HSN’s 'T-Commerce' App Gains Traction
HSN executives say the vast majority of their viewers still rely on calling its 800 number to buy products advertised on the home-shopping network, ranging from clothes and jewelry to computers. But some viewers with access to Shop By Remote, an interactive TV application available in a growing number of Dish Network LLC (Nasdaq: DISH), Comcast Corp. (Nasdaq: CMCSA, CMCSK), and Verizon Communications Inc. (NYSE: VZ) FiOS TV homes, are using their remote controls to quickly buy products they see hyped on the shopping net. (See Comcast Pulling Remote Shopping Trigger? and Comcast Rolls Remote Shopping.)
“Once people try it, it’s generally their preferred method of transacting with us,” HSN vice president of advanced services John McDevitt tells Cable Digital News.
McDevitt says Shop By Remote, which is available in about 25 million homes, is gaining wider distribution both directly and via partnerships HSN is beginning to strike with consumer electronics manufacturers. Earlier this month, Samsung Electronics Co. Ltd. (Korea: SEC) agreed to offer the Shop By Remote app in some models of HDTVs and Blu-ray players that it will ship this year.
Shop By Remote runs on multiple platforms, including Verizon’s FiOS TV widget platform, and the Enhanced TV Binary Interchange Format (EBIF) platform being deployed by Comcast and other major MSOs that are part of the Canoe Ventures LLC advanced ad joint venture. Among those partners, Comcast has already enabled EBIF in 13 million boxes. (See Cable's Canoe Heads for Scalable Waters .)
HSN built Shop By Remote with technology developed by GoldPocket Interactive, which was acquired by Tandberg Television in 2006 and is now owned by Ericsson AB (Nasdaq: ERIC). (See Tandberg Television Signing Off .)
McDevitt says the rollout of EBIF bodes well for Shop By Remote, but that HSN would also tailor Shop By Remote to work on other platforms. “We’re always more than willing to work with every operator."
The Shop By Remote application offered by each operator is unique. On Comcast, the EBIF application runs a “press select to shop” overlay on the top right corner the screen. Viewers that press the "select" button will view an application that partly covers the screen.
Verizon’s FiOS subscribers are also prompted to press “select to shop” for products advertised on HSN. But its widget platform takes viewers to a full-screen Shop By Remote page.
Time Warner Cable Inc. (NYSE: TWC) has also deployed HSN Shop By Remote on its Oceanic system in Hawaii, using an application built by interactive TV firm ActiveVideo
Dish Network subscribers that use Shop By Remote must have a receiver connected to a telephone line in order to use the application. And viewers that buy a Samsung HDTV or Blu-ray player with the app must have a broadband connection on the devices in order to shop with their remotes.
McDevitt said Shop By Remote was previously available to Cablevision Systems Corp. (NYSE: CVC)’s iO: Interactive Optimum subscribers. But he said the application was pulled by Cablevision last year after the operator “changed their entire platform.” When asked about Shop By Remote and the platform change, a Cablevision spokeswoman said the company wouldn’t comment. Cablevision, however, has indicated it will offer a t-commerce application sometime this year. (See Cablevision Eyes T-Commerce Launch in 2010.)

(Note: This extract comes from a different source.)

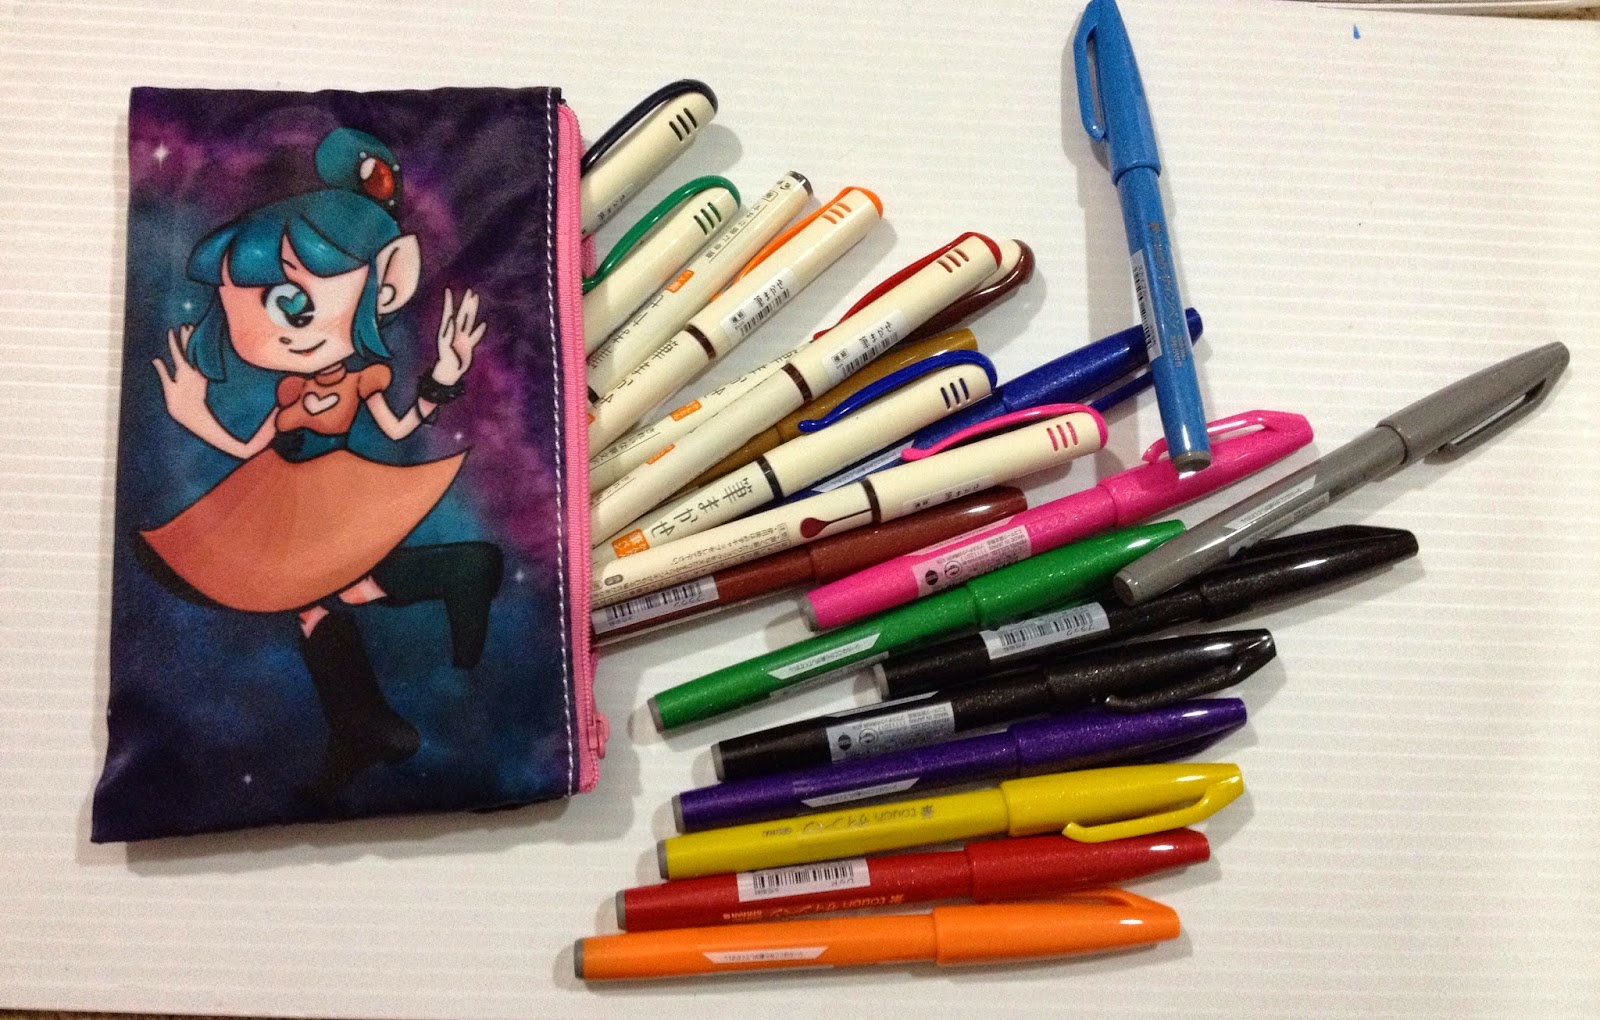 Drawing Pens, Black Multiliner, 12 Pack, Anime Pens, India

Many Shop By Remote users appear to be drawn to the novelty of being able to buy a product with a few clicks of their remote controls. Viewers that don’t have an HSN account can still use the application, but are prompted to call the network’s 800 number if they want to complete the purchase in order to set up an account. A surprising number of callers tell HSN that they would prefer to complete the transaction through the Shop By Remote app rather than on the phone, according to McDevitt.
“We have a group of specially trained customer service reps, and we record the calls. What has come up over and over is, the rep always asks, ‘Would you like to complete that purchase?' ” McDevitt says the response usually is, “No thanks, I’d like to complete it using my remote control. I want to try it.”
Once viewers have linked their HSN accounts to the t-commerce app, it takes less than a minute to complete each transaction, McDevitt claims.
T-commerce is a concept that began to gain popularity in the cable TV and Internet sectors in the late 1990s, and some observers expected TV networks and advertisers to develop a business whereby viewers could buy products that they saw in entertainment programming with their remote controls. The example some industry executives used at the time was, what if viewers could buy Friends star Jennifer Aniston’s sweater with a click of a remote control?
While the industry is still in the early days of deploying t-commerce applications like HSN Shop By Remote, the disruption in the advertising sector sparked by DVRs and Internet video could cause a greater number of networks to attempt to make the ability to buy Aniston’s sweater directly from the TV a reality.
If the ability to buy products advertised in entertainment programming happens, look for HSN to position itself as an enabler of the transaction. “We’re open to all sorts of possibilities. ‘Powered by HSN,’ where HSN supports this functionality, is something we’re always open to,” McDevitt said.